A verbatim repetition of the data below is requested, without images.

INFORMATION SHOWN
================

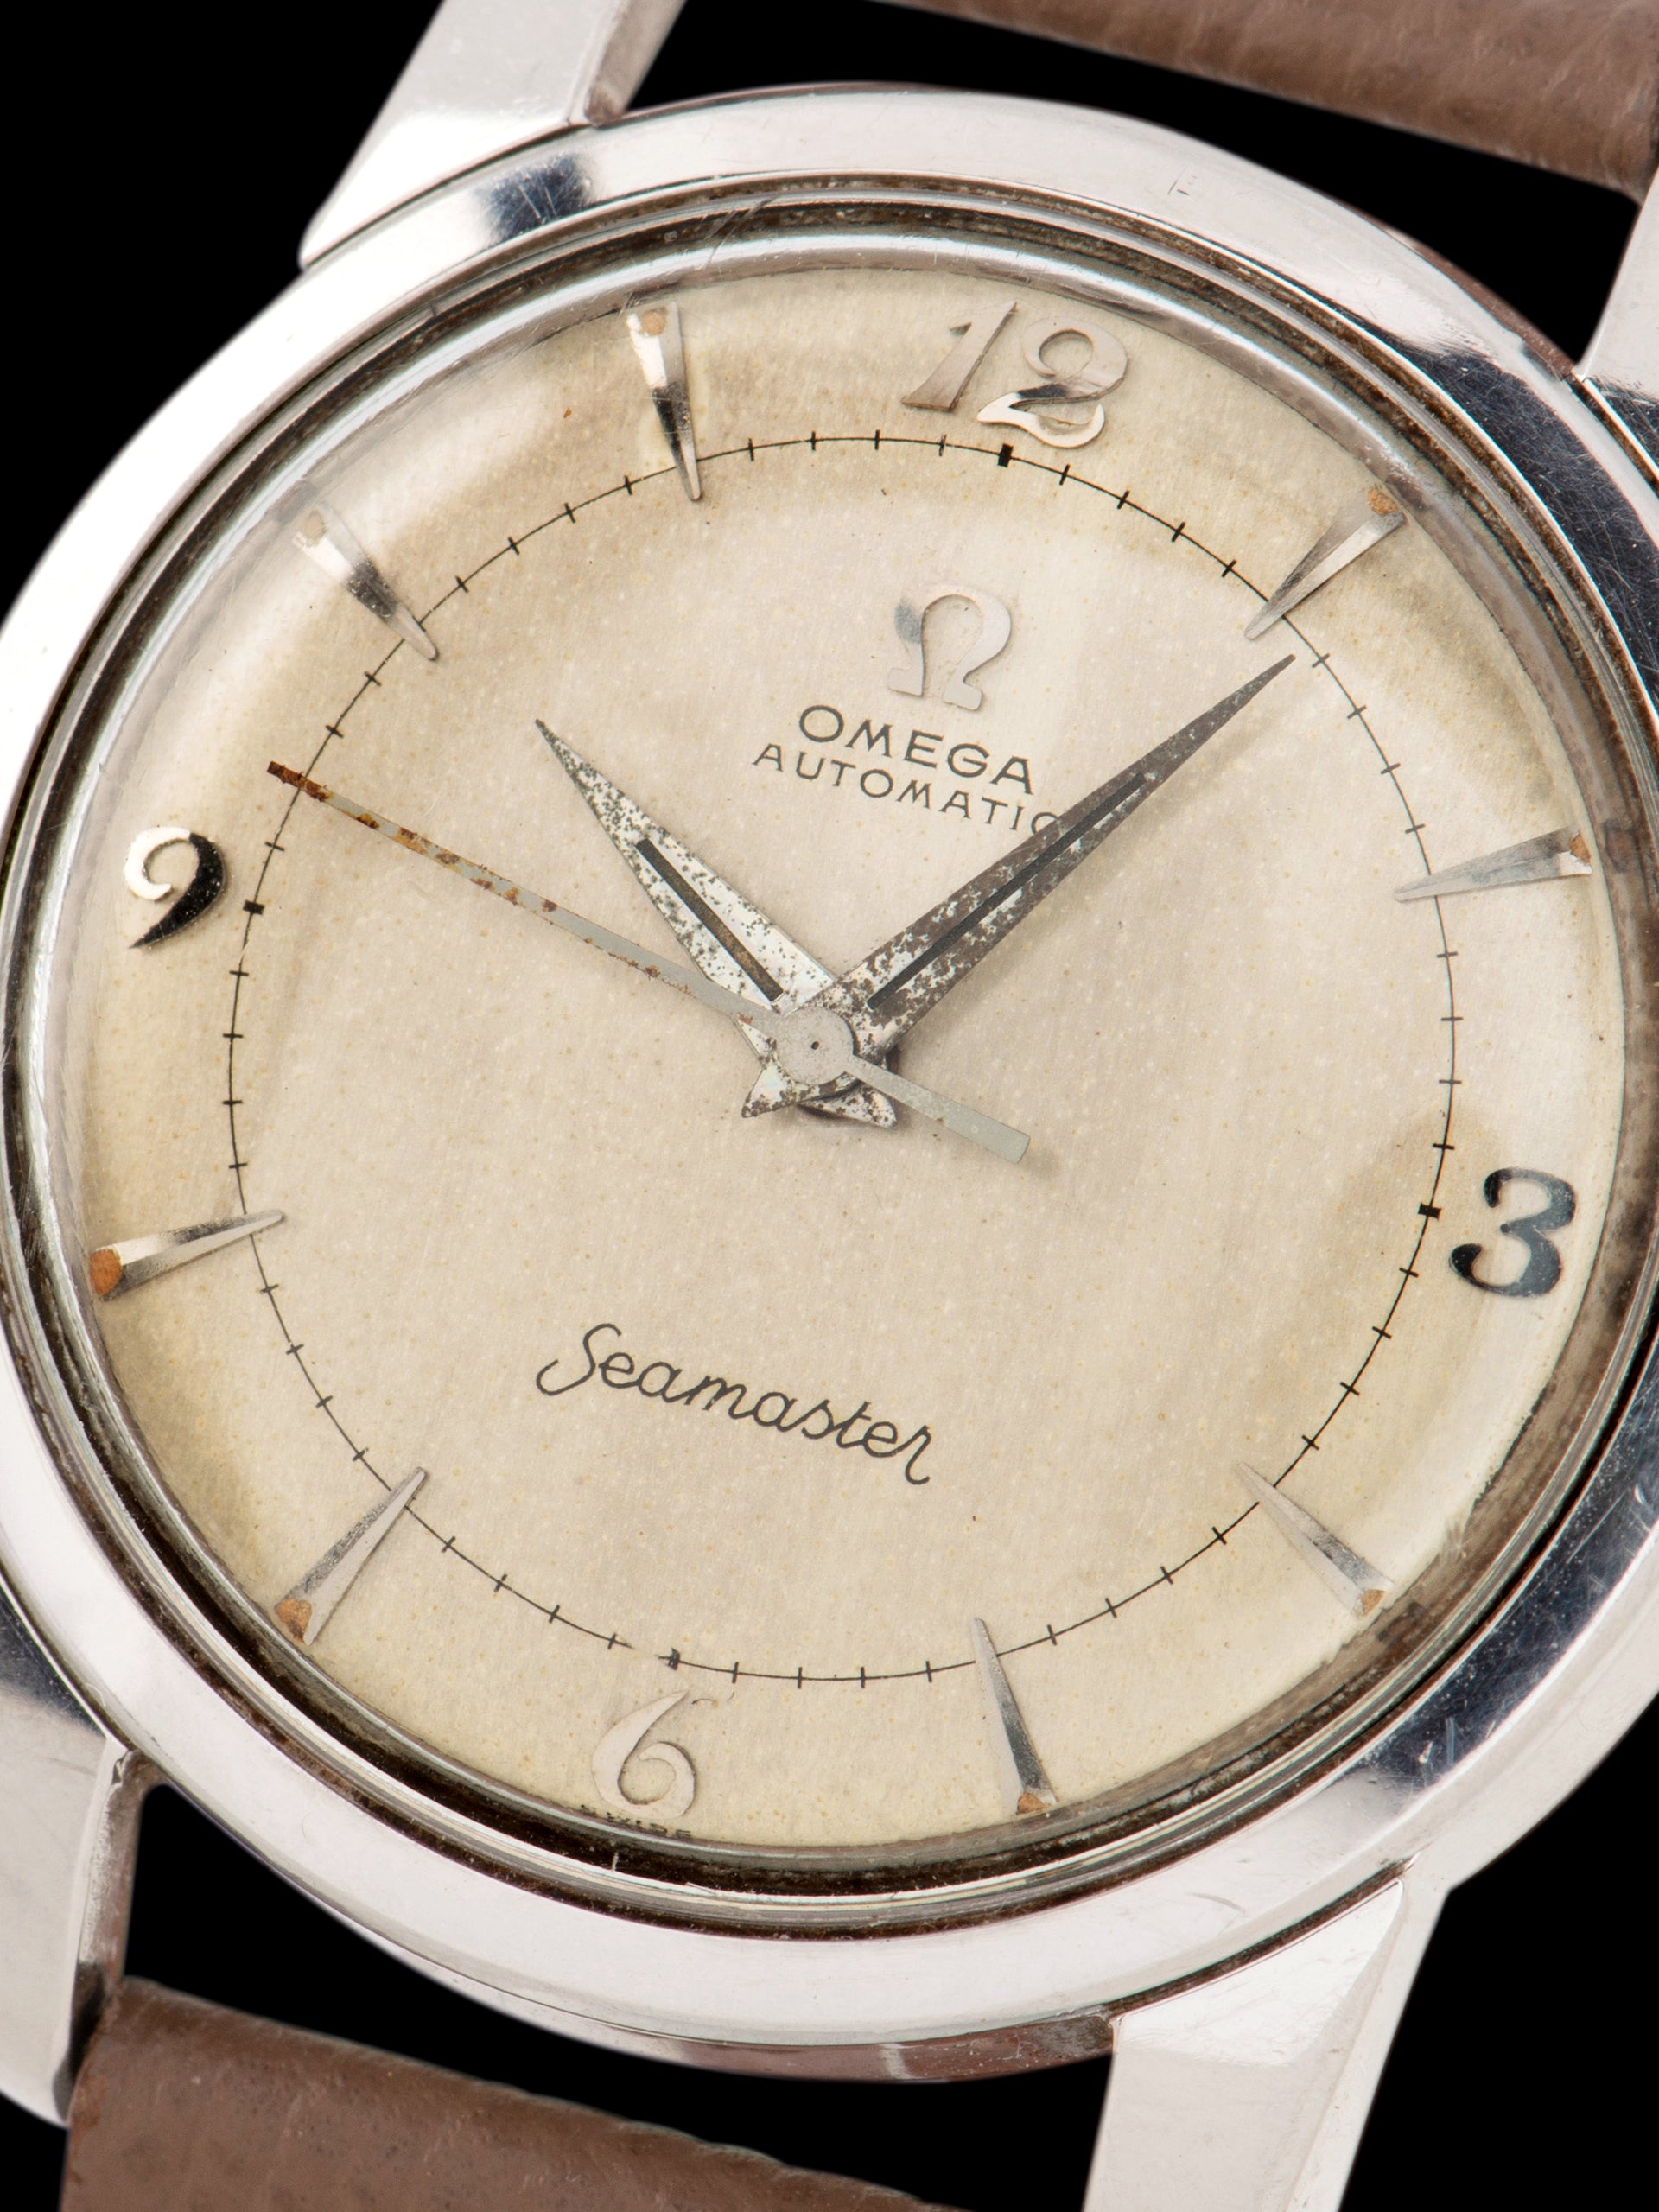 c.1954 - Omega Seamaster Automatic - Model Ref: 2846-2848-1SC - On Bea –  Vintage Watch Specialist
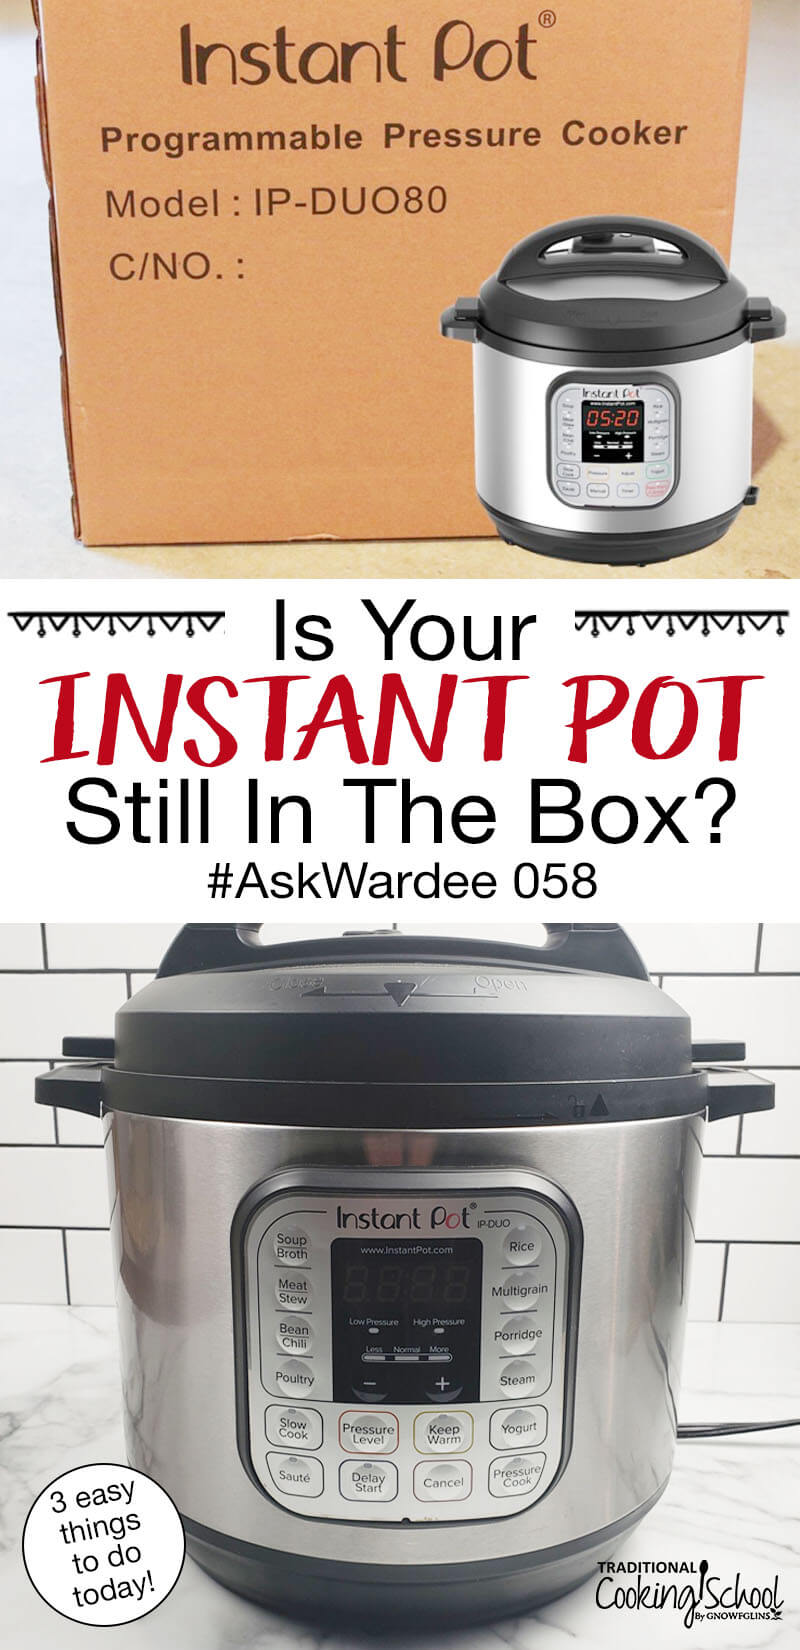 Photo collage of an Instant Pot on the countertop, and an unopened cardboard box labeled "Instant Pot Programmable Pressure Cooker". Text overlay says, "Is Your Instant Pot Still In The Box? #AskWardee 058 (3 things you can do today!)"
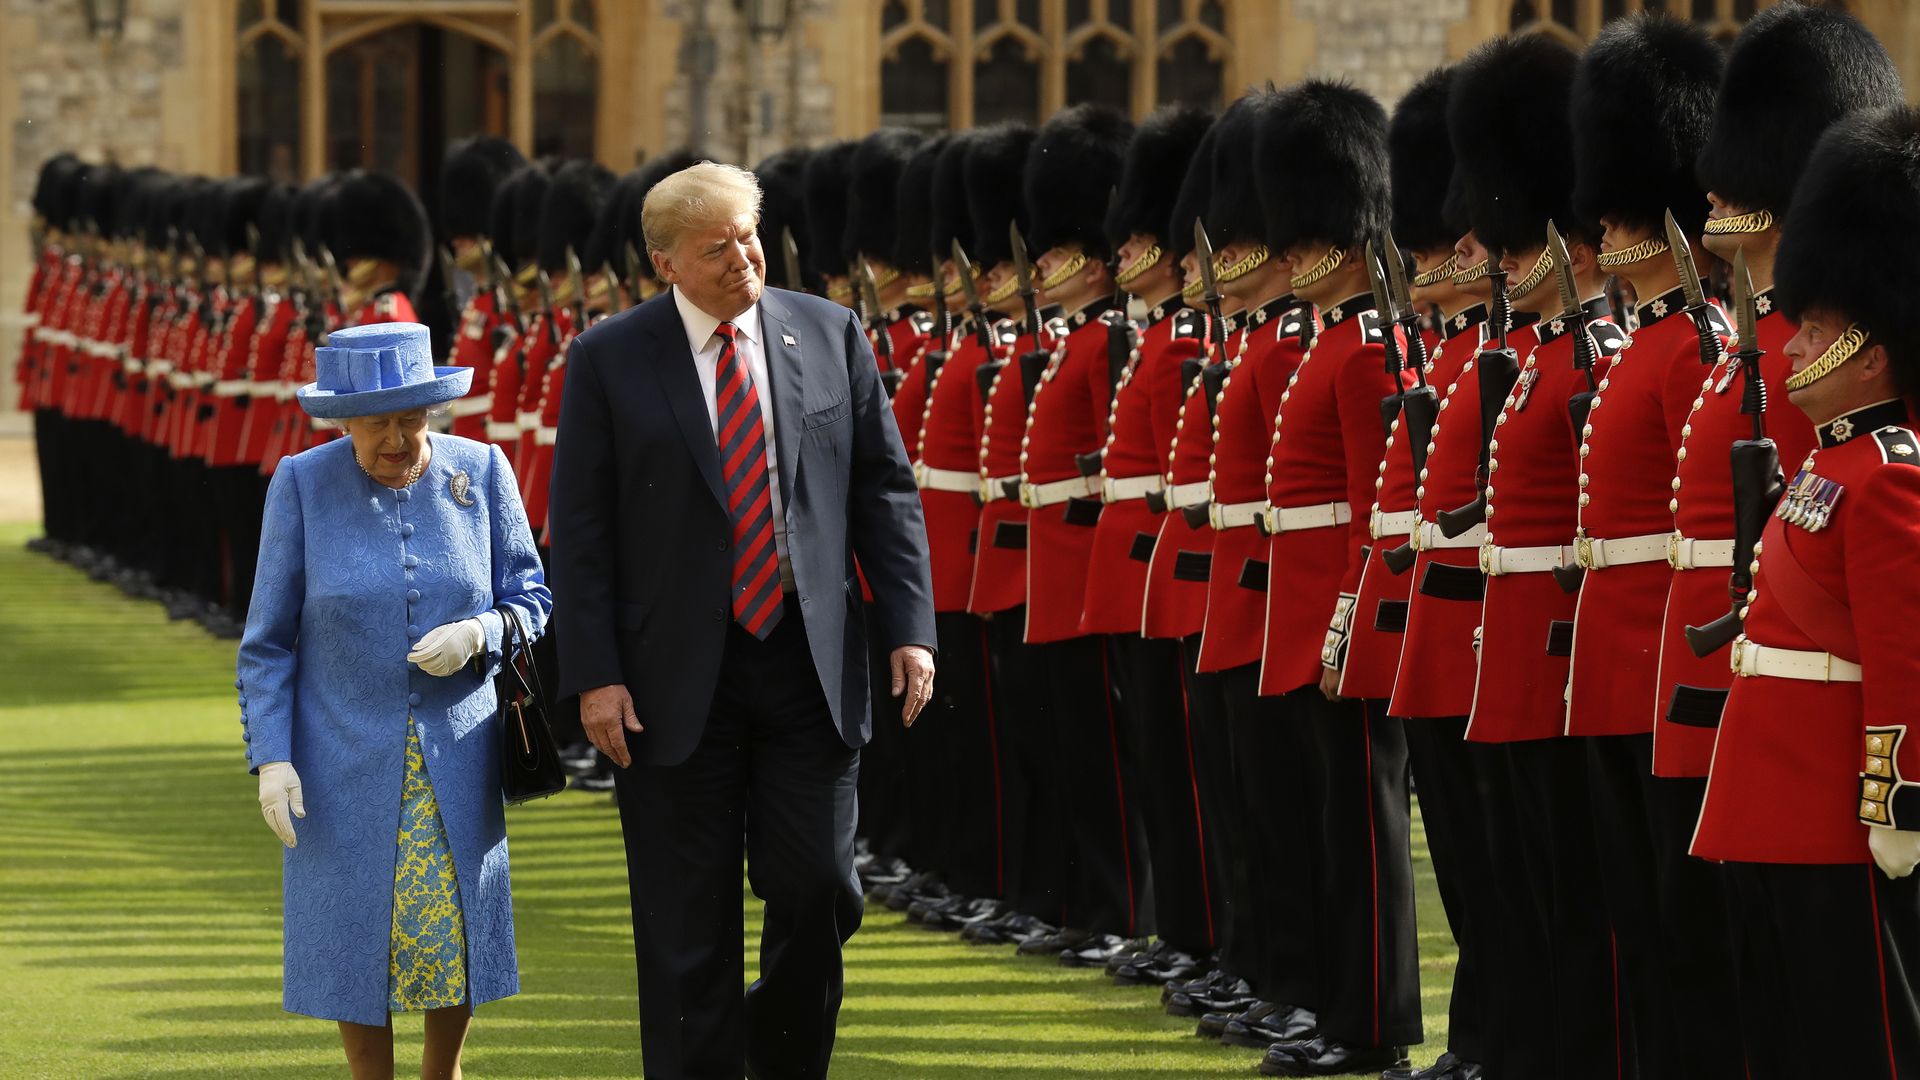 Trump, next to the Queen, walks past a line of guards in British uniform

================

TASK SOLUTION
 c.1954 - Omega Seamaster Automatic - Model Ref: 2846-2848-1SC - On Bea –  Vintage Watch Specialist
 Photo collage of an Instant Pot on the countertop, and an unopened cardboard box labeled "Instant Pot Programmable Pressure Cooker". Text overlay says, "Is Your Instant Pot Still In The Box? #AskWardee 058 (3 things you can do today!)"
 Trump, next to the Queen, walks past a line of guards in British uniform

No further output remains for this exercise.